Just because it's commonly used doesn't mean it's grammatically correct.



> *Who* should be used in the subject position in a sentence, while *whom* should be used in the object position. For example, Is jean going out with amelia? Yes, he is going out with her. With whom is he going out? with her (her = whom)



So the grammatically correct question would be as follows: Have you found out with whom Brigitte is going out?


----------



## Keith Bradford

Shame on you, RitaRoland, for giving such misleading information to a foreign learner of English!  We all know that you can't end a sentence with a preposition. The correct form of that sentence is:

"Have you found out out with whom Brigitte is going?"


----------



## AmaryllisBunny

I wonder *who* he takes after. 
I wonder *whom* he takes after. 

Speaking grammatically it needs to be whom. As well, it is an incredibly common mistake but, I would not say that it is correct by that value.


----------



## RitaRoland

First of all, you need to watch your language when talking to people on this forum. Secondly, when have I ever ended a sentence with a preposition?! "Going out"  is a phrasal verb that can't be separated in a sentence like the one about which we're talking; it looks like you hadn't know what a phrasal verb was before I told you! Thirdly, no, one shouldn't end a sentence with a preposition, But are we even talking about a sentence? No, we are talking about a QUESTION not a sentence, and it's grammatically correct to end a question with a preposition, let alone ending it with a phrasal verb such as "Going out", because one doesn't even need to debate about it, since it's absolutely fine to end a question with a phrasal verb. "Have you found out out with whom Brigitte is going?"  is completely WRONG; "out out with" ?? Lol, are you serious? A nine year old wouldn't put that nonsense in a sentence. So it's you who needs to stop giving learners advice, since you obviously haven't got what it takes to do so!
One more time, the correct form of this QUESTION would be: "Have you found out with whom is Brigitte going out?"


----------



## AmaryllisBunny

@Rita

Rita, the reason for the smile he put is because, it was a joke. Ending a sentence with a preposition is perfectly fine in certain situations as the one you presented. Technically, a question is a sentence. Being grammatical yes, "Have you found out with whom...," however, the conversation is talking about spoken/common use which is not always grammatical...


----------



## sumelic

"Have you found out who Brigitte is going out with" is certainly not completely incorrect. For many people, it's the only natural way that they would say this question. I don't see the point of telling English language learners that it is ungrammatical.


----------



## Maître Capello

The old prescriptive vs. descriptive debate will never end! I believe it would be wiser to avoid using the words "correct" or "incorrect" in this case. I'd rather put it this way. Using _who_ with a dangling preposition is not following strict grammar rules. It is therefore not *standard* from a pure grammatical standpoint. On the other hand it is the most *standard/common* construction in modern English, even more so in speech.

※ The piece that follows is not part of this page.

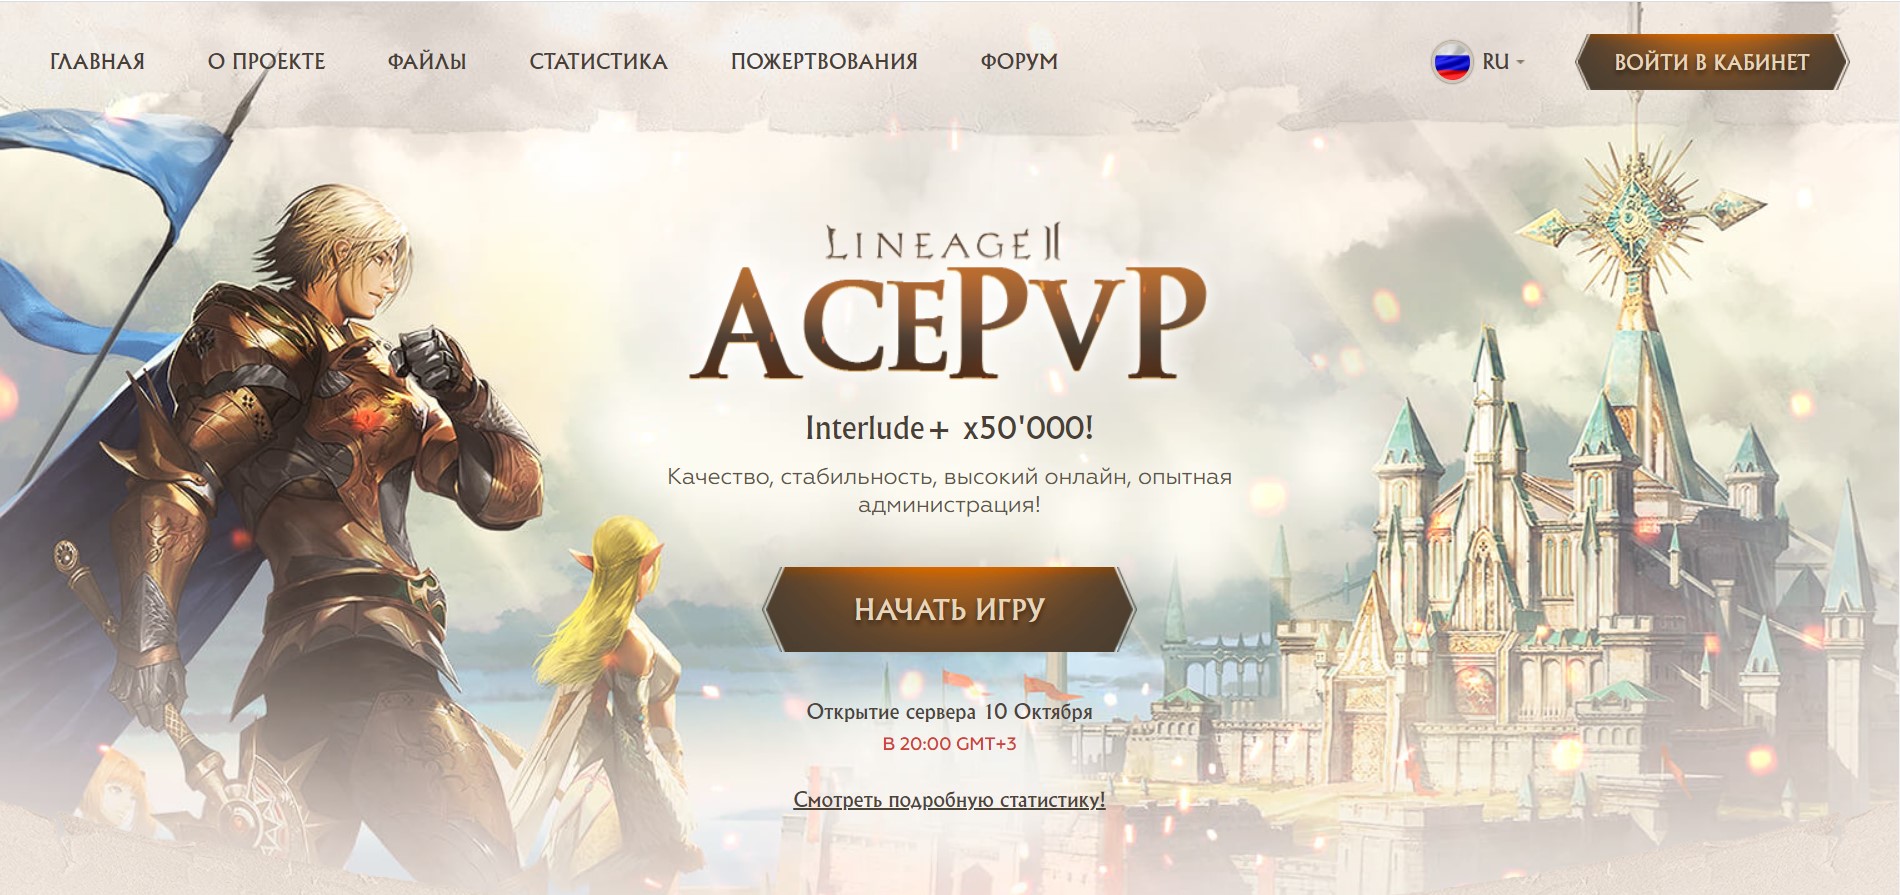 🔥 Acepvp.net Interlude x50000: Embodiment of PvP Adrenaline! ⚔️🔥

According to the Oxford Dictionary:


> According to formal grammar, *who* forms the subjective case and so should be used in subject position in a sentence, as in _*who* decided this?_ The form *whom*, on the other hand, forms the objective case and so should be used in object position in a sentence, as in _*whom* do you think we should support?_; _to *whom* do you wish to speak?_ Although there are some speakers who still use *who* and *whom* according to the rules of formal grammar as stated here, there are many more who rarely use *whom* at all; its use has retreated steadily and is now largely restricted to formal contexts. The normal practice in modern English is to use *who* instead of *whom* (and, where applicable, to put the preposition at the end of the sentence): _*who* do you wish to speak to?_; _*who* do you think we should support?_ Such uses are today broadly accepted in standard English.


----------



## AmaryllisBunny

From a proper usage perspective here is the run-down...

In _Garner's Modern American Usage_, in the _LANGUAGE-CHANGE INDEX_ :
1. _who_ as an object not following a preposition: Stage 4
2. _who_ as an object following a preposition: Stage 2

Stages: 
1) Rejected
2) Widely shunned
3) Widespread but...
4) Ubiquitous but...
5) Fully accepted

Of course, because this message is clearly informal speech, it's a coin toss, despite the fact that it is _widely shunned _in proper usage.

_Garner's Modern American Usage pg. 861_


----------